Can Gene Therapy Cure HIV?
The immune cells of HIV patients can be genetically engineered to resist infection, say researchers. In a small study in humans, scientists report that by creating a beneficial mutation in T cells, they may be able to nearly cure patients of HIV.
In a study published in the New England Journal of Medicine on Wednesday, researchers report that they can use genome editing to re-create the rare mutations responsible for protecting about 1 percent of the population from the virus in infected patients. They report that some of the patients receiving the genome-modifying treatment showed decreased viral loads during a temporary halt of their antiretroviral drugs. In one patient, the virus could no longer be detected in his blood.
Zinc-finger nucleases are one of a few genome-editing tools that researchers use to create specific changes to the genomes of living organisms and cells (see “Genome Surgery”). Scientists have previously used genome-editing techniques to modify DNA in human cells and nonhuman animals, including monkeys (see “Monkeys Modified with Genome Editing”). Now, the NEJM study suggests the method can also be safely used in humans.
From each participating patient, the team harvested immune cells from the blood of the patients. They then used a zinc finger nuclease to “break” copies of the CCR5 gene that encodes for proteins on the surface of immune cells that are a critical entry point of HIV. The cells were then infused back into each patient’s bloodstream. The modification process isn’t perfect, so only some of the cells end up carrying the modification. “About 25 percent of the cells have at least one of the CCR5 genes interrupted,” says Edward Lanphier, CEO of Sangamo Biosciences, the Richmond, California, biotech company that manufactures zinc finger nucleases.
Because the cells are a patient’s own, there is no risk of tissue rejection. The modified T cells are more resistant to infection by HIV, say the researchers.
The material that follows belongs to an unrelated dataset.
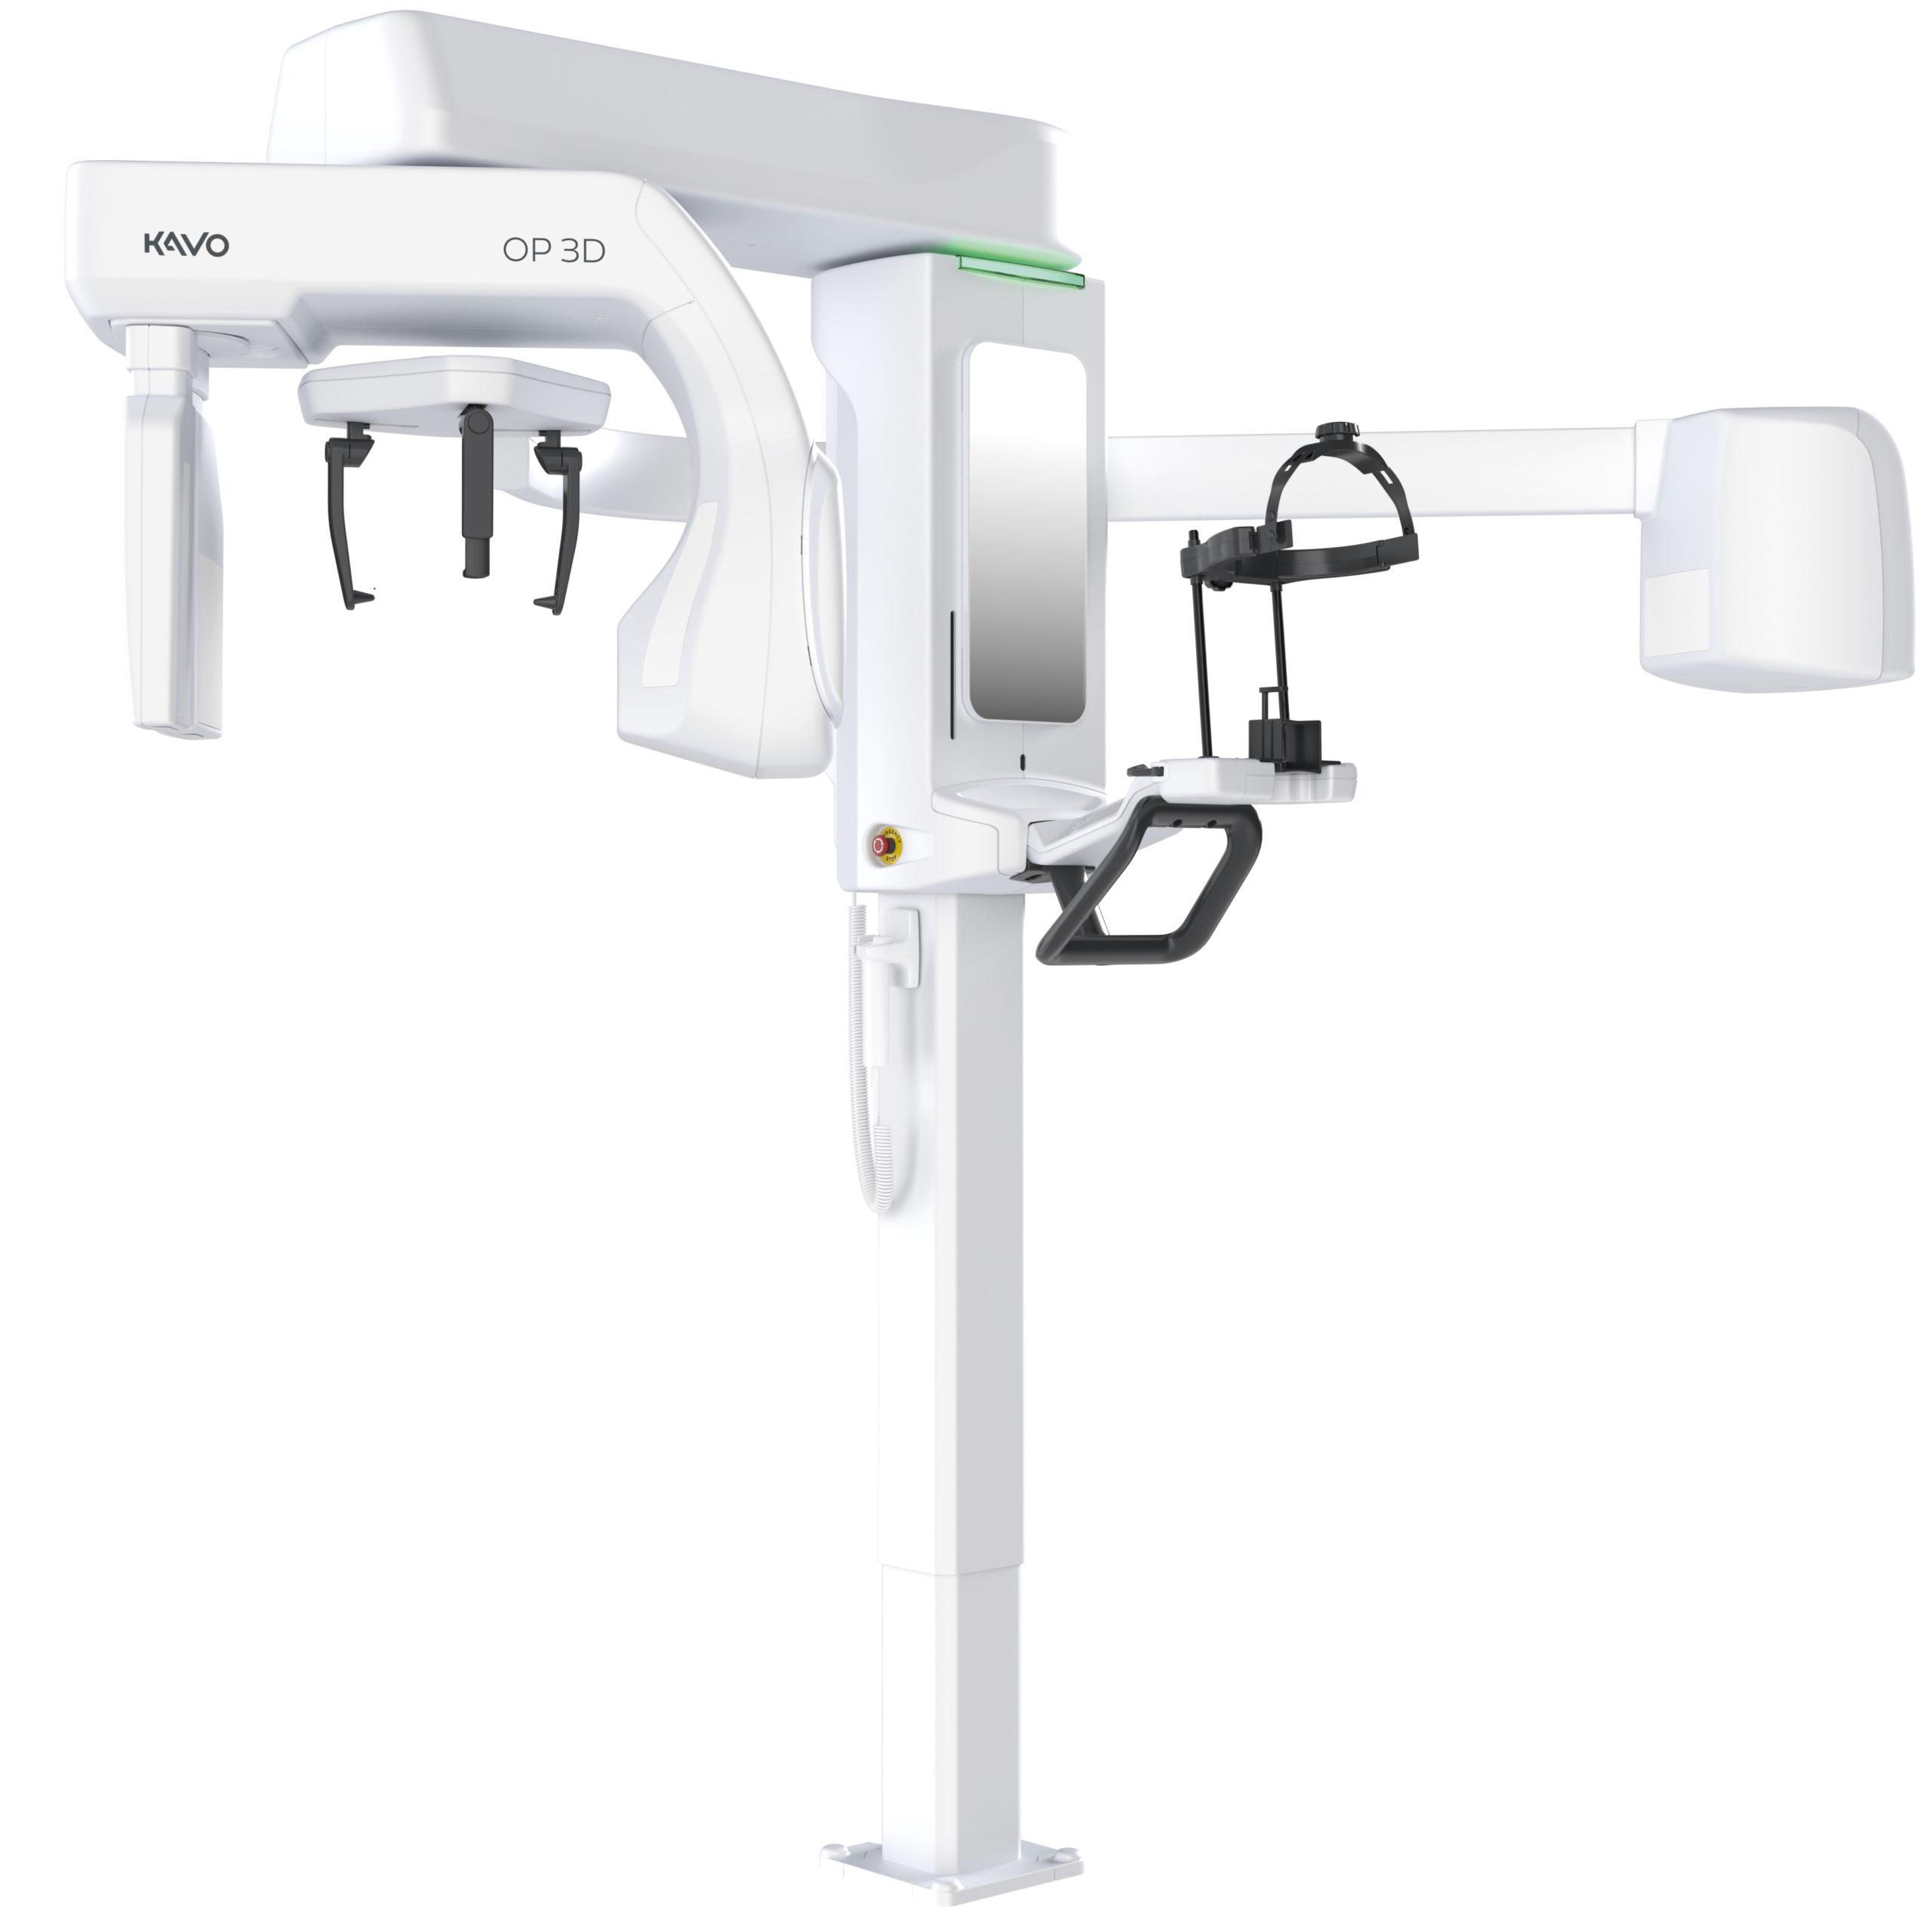 KaVo OP 3Dの写真
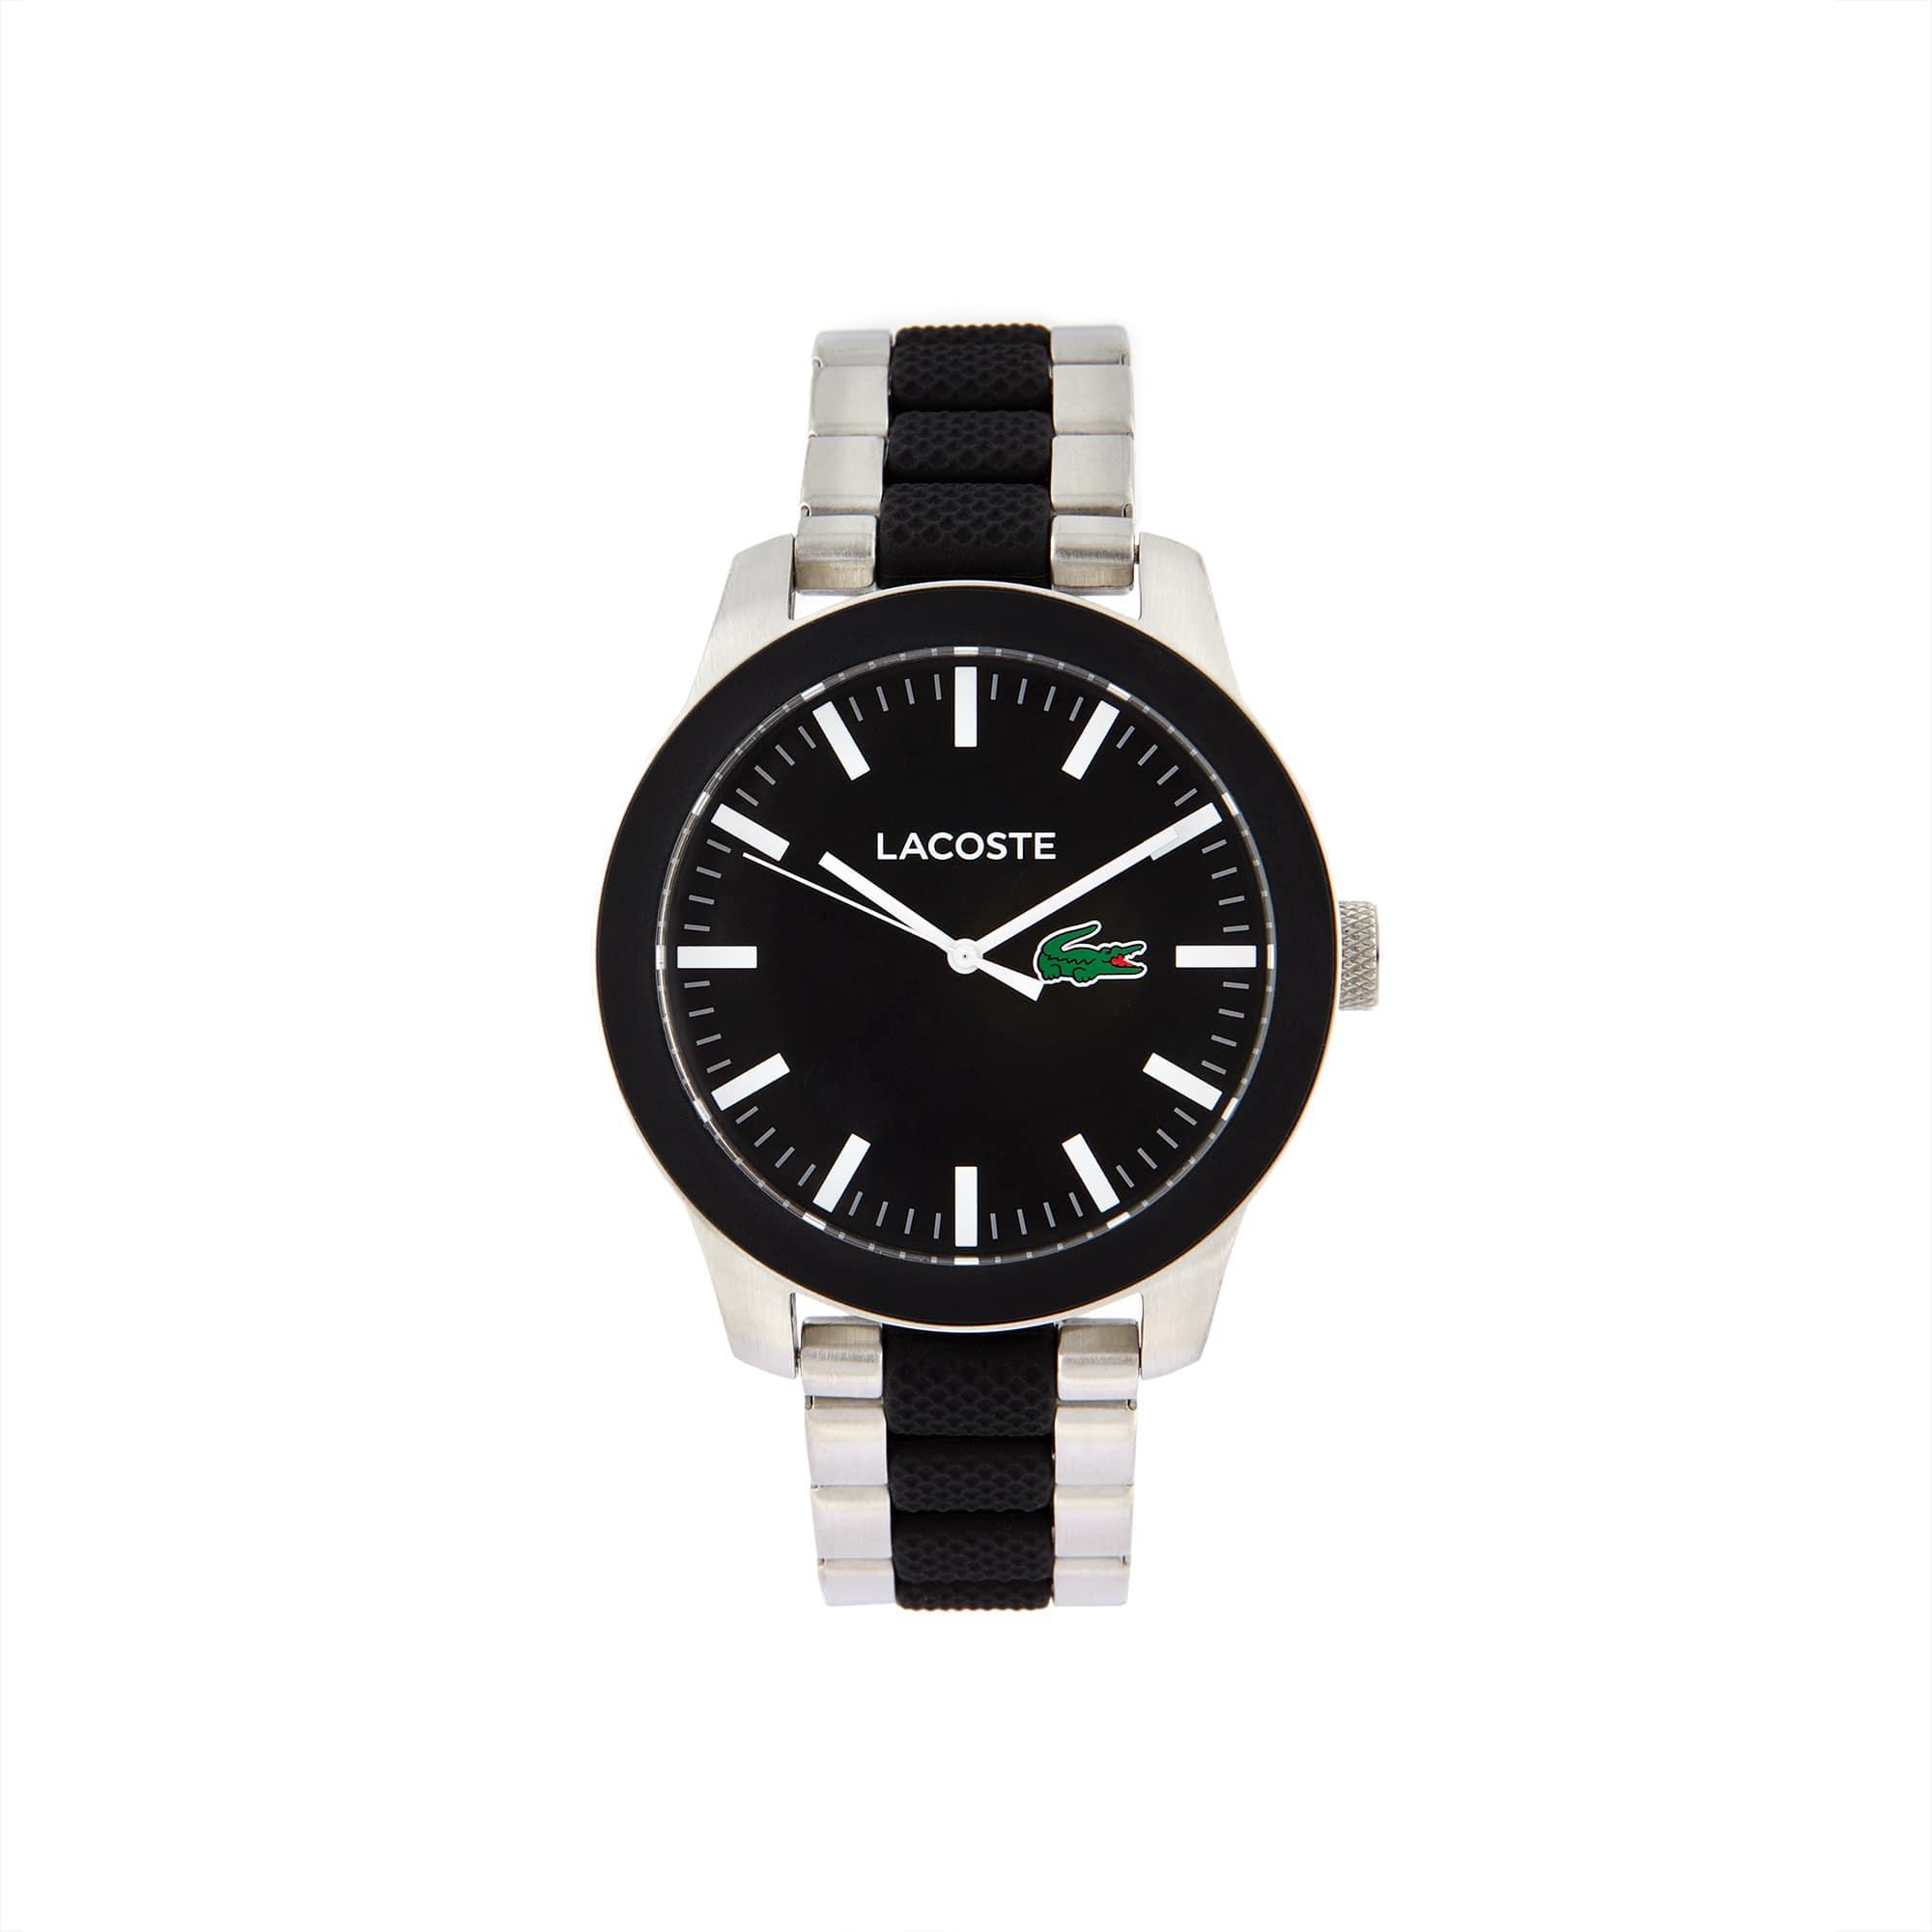 Relógio Lacoste 12.12 de homem com bracelete de aço inoxidável e silicone preto de dois materiais

One week after the infusion, researchers were able to find modified T cells in the patients’ blood. Four weeks after the infusion, six of the 12 patients in the study temporarily stopped taking their antiretroviral drugs so the researchers could assess the effect of the genome-editing treatment on the amount of the virus in the patients’ bodies. In four of these patients, the amount of HIV in the blood dropped. In one patient, the virus could no longer be detected at all. The team later discovered that this best responder had naturally already had one mutated copy of the CCR5 gene.
Patients who carry one broken copy of the CCR5 progress to AIDS more slowly than those who don’t, says Bruce Levine, a cell and gene therapy researcher at the University of Pennsylvania School of Medicine and coauthor on the study. Because all of the cells in that best-responder patient already carried one disrupted copy of CCR5, the modification by the zinc finger nuclease led to T cells with no functional copies of the gene. That means the cells are fully resistant to HIV infection. The team is now working to increase the number of immune cells that end up carrying two broken copies of CCR5.